Mariner is among the industry’s largest heavy oil projects underway, carrying one of the heftiest price tags offshore U.K.

“For the Mariner project, Stratas Advisors estimates that the total finding and development capital will end up being approximately $5.8 billion. This economic analysis would put the total capital layout at about $17.5 per boe [barrel of oil equivalent],” Mu said. “We also estimate real operating costs [opex] to be around $7 per boe, resulting in a total cost of $24.5 per boe. From development forward, Stratas Advisors’ current forecast shows a real IRR of around 14.8% and an NPV10 about $5.9/boe.”

Located east of the Shetland Islands in the U.K. North Sea, the Mariner heavy oil field was discovered about 38 years ago. With more than 2 billion barrels of oil in place, the field targets oil from the Heimdal reservoir and the deeper Maureen Formation.

The field is expected to have a 30-year lifespan, according to Equinor, though it sees upside potential. Currently, plateau production is expected to average about 55,000 barrels per day. Its development plan calls for a production, drilling and quarters platform on the Mariner A steel jacket, connected to the Mariner B floating storage unit.

Haaland called the hookup of Mariner one of the largest in Equinor’s history.

“Mariner is a huge topside of 38,000 tonnes,” Haaland said. The Mariner A topside, which was constructed at South Korea’s Daewoo Shipbuilding & Marine Engineering Co. Ltd., was lifted into place in 2017.

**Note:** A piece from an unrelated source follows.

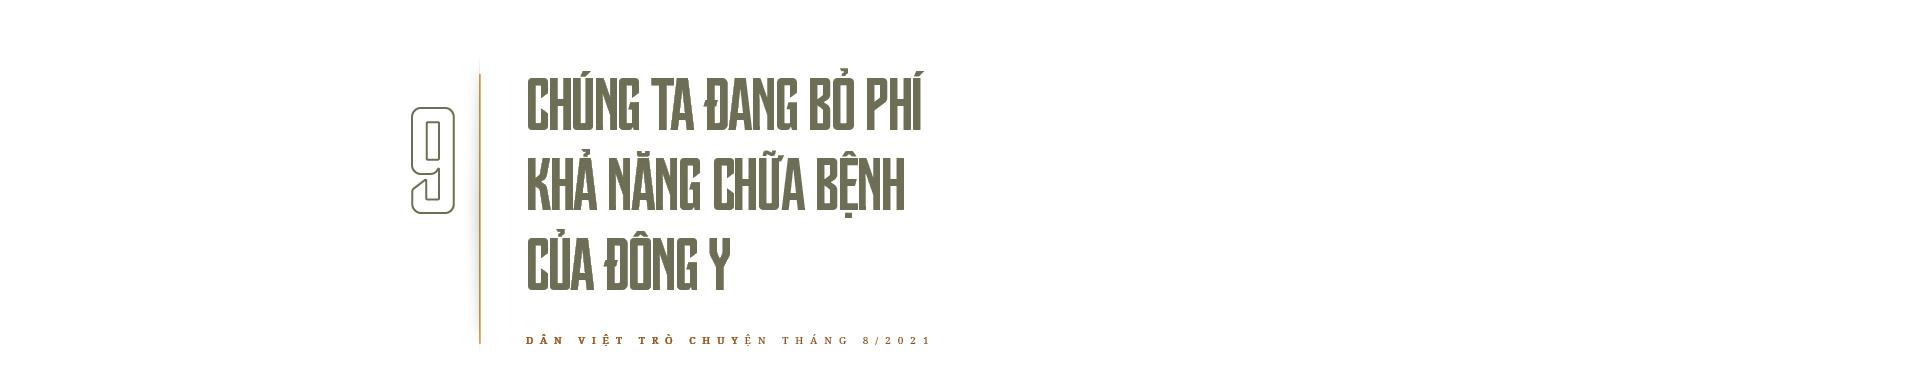 Nhà cách mạng Trần Tử Bình qua lời kể của võ sư Trần Việt Trung: Một cuộc đời như huyền thoại - Ảnh 20.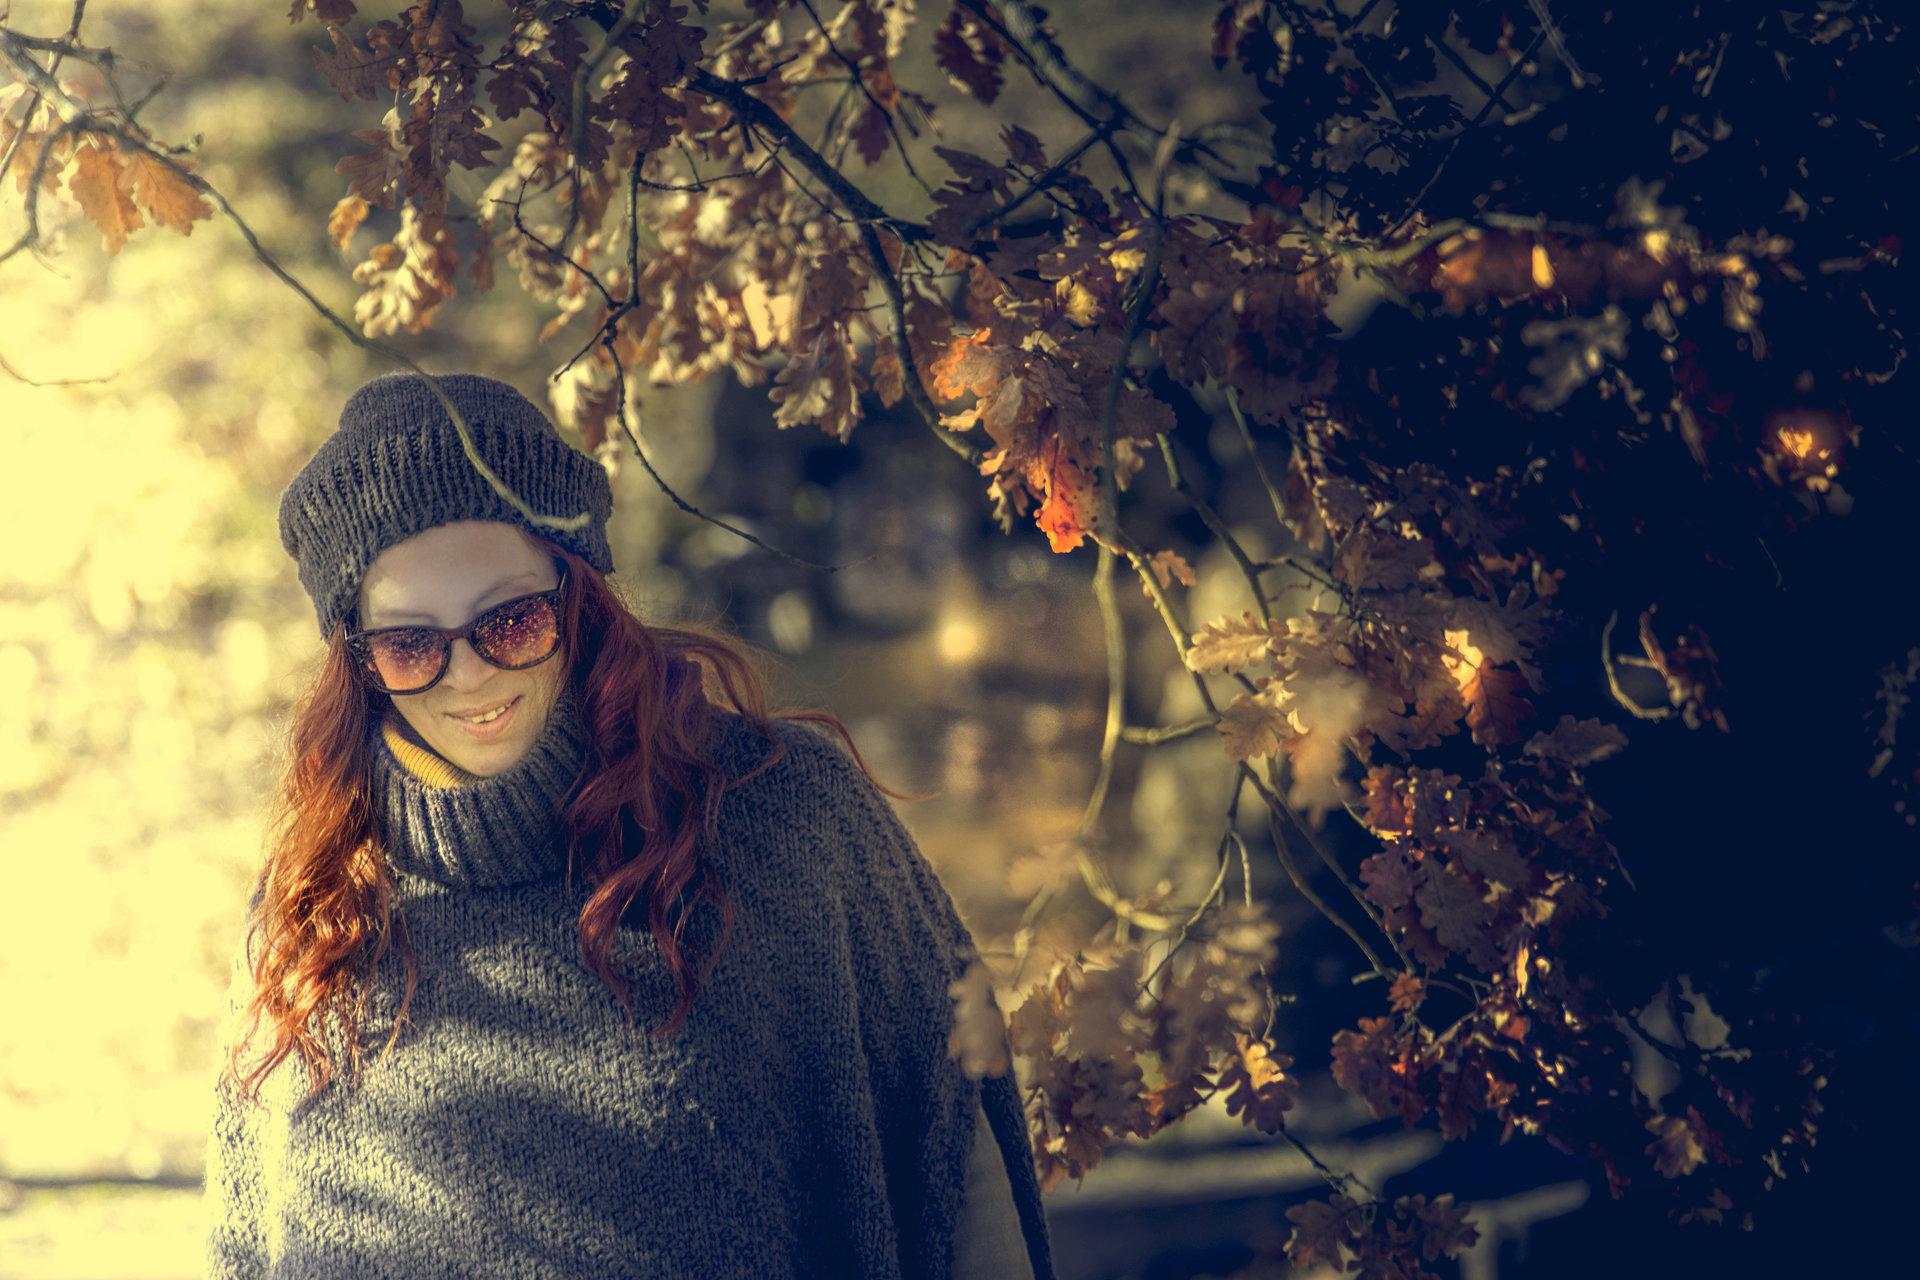 Ева | Author Stoizant | PHOTO FORUM

“The topside consists of eight large modules [plus] the flare, and all this is to be connected offshore. On top of the complex hook up scope, adverse weather and related logistical challenges led to the startup date being moved from end of 2018 to first-half 2019,” Haaland said. “Close cooperation between the suppliers and Equinor has been important to ensure progress on the project.”